Recorded data:
=== Begin Enclosure ===
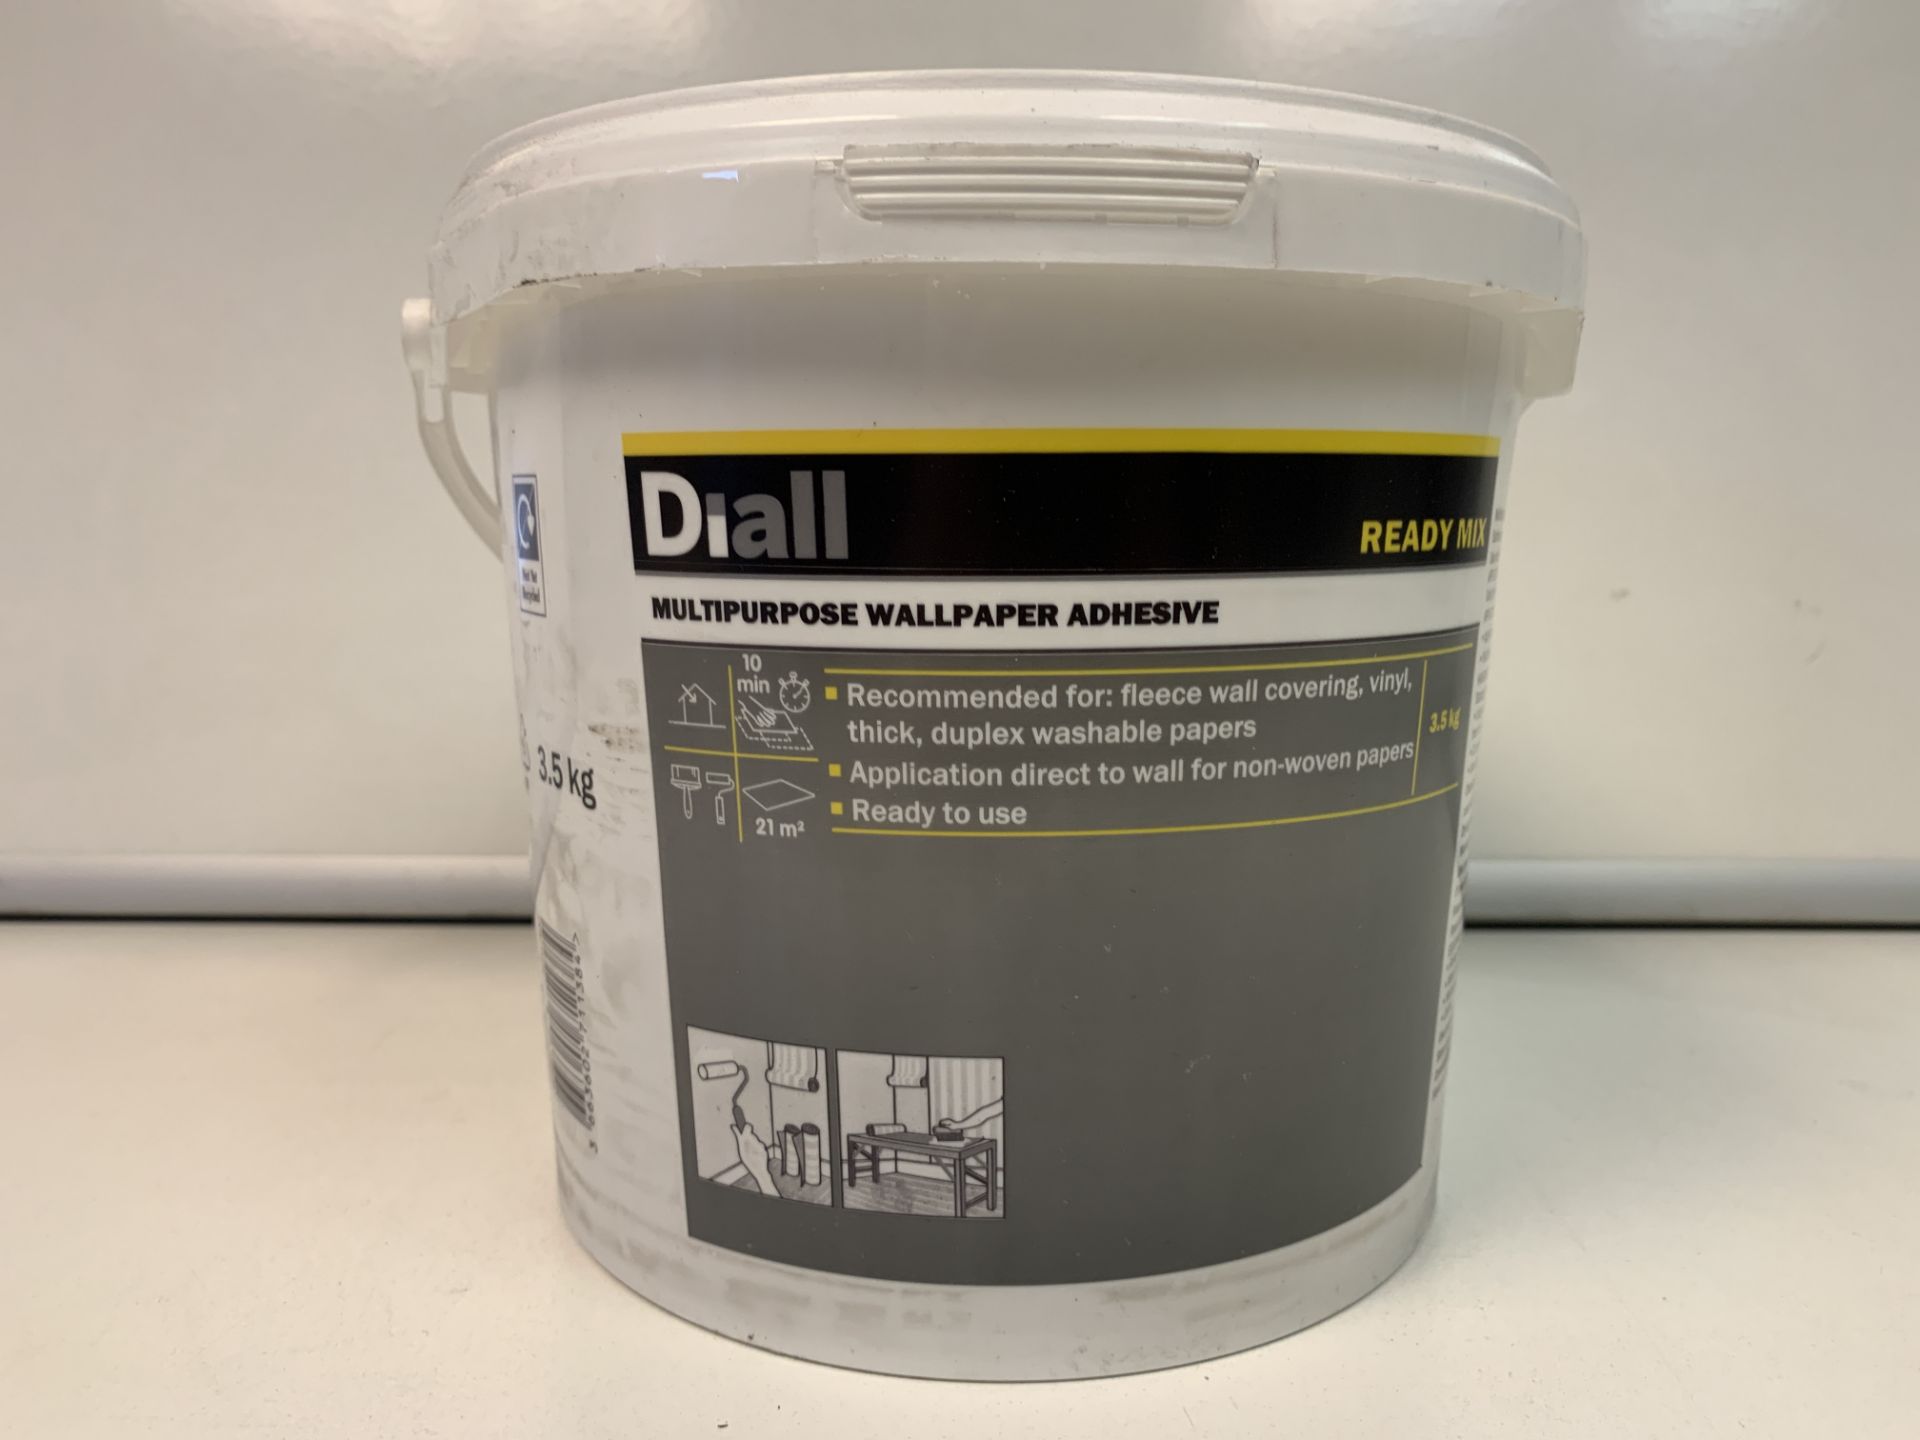 20 X NEW 3.5KG TUBS OF DIALL MULTIPURPOSE WALLPAPER ADHESIVE - READY MIXED.
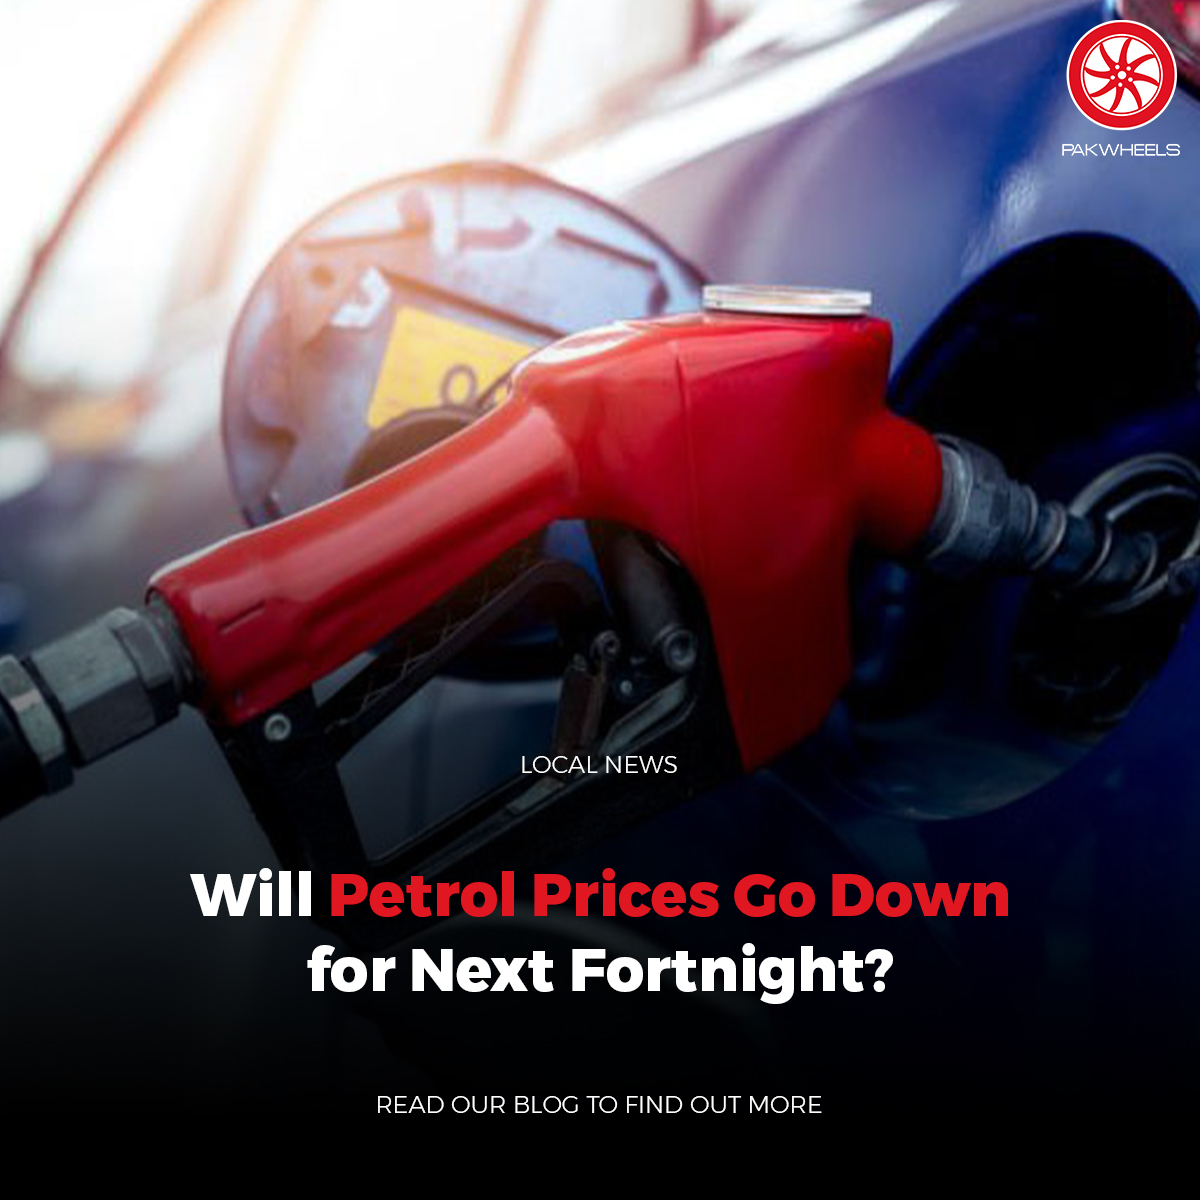 Today is March 14th, and the revision in petrol prices in Pakistan is just a day away.

Click here to see more: ow.ly/JiSY50QT2ce

#PakWheels #PWBlogs #Petrol #PetrolPrices
=== End Enclosure ===
Problem statement:
A verbatim transcription of the listing is expected, with no pictures included.

Exercise answer:
 20 X NEW 3.5KG TUBS OF DIALL MULTIPURPOSE WALLPAPER ADHESIVE - READY MIXED.
 Today is March 14th, and the revision in petrol prices in Pakistan is just a day away.

Click here to see more: ow.ly/JiSY50QT2ce

#PakWheels #PWBlogs #Petrol #PetrolPrices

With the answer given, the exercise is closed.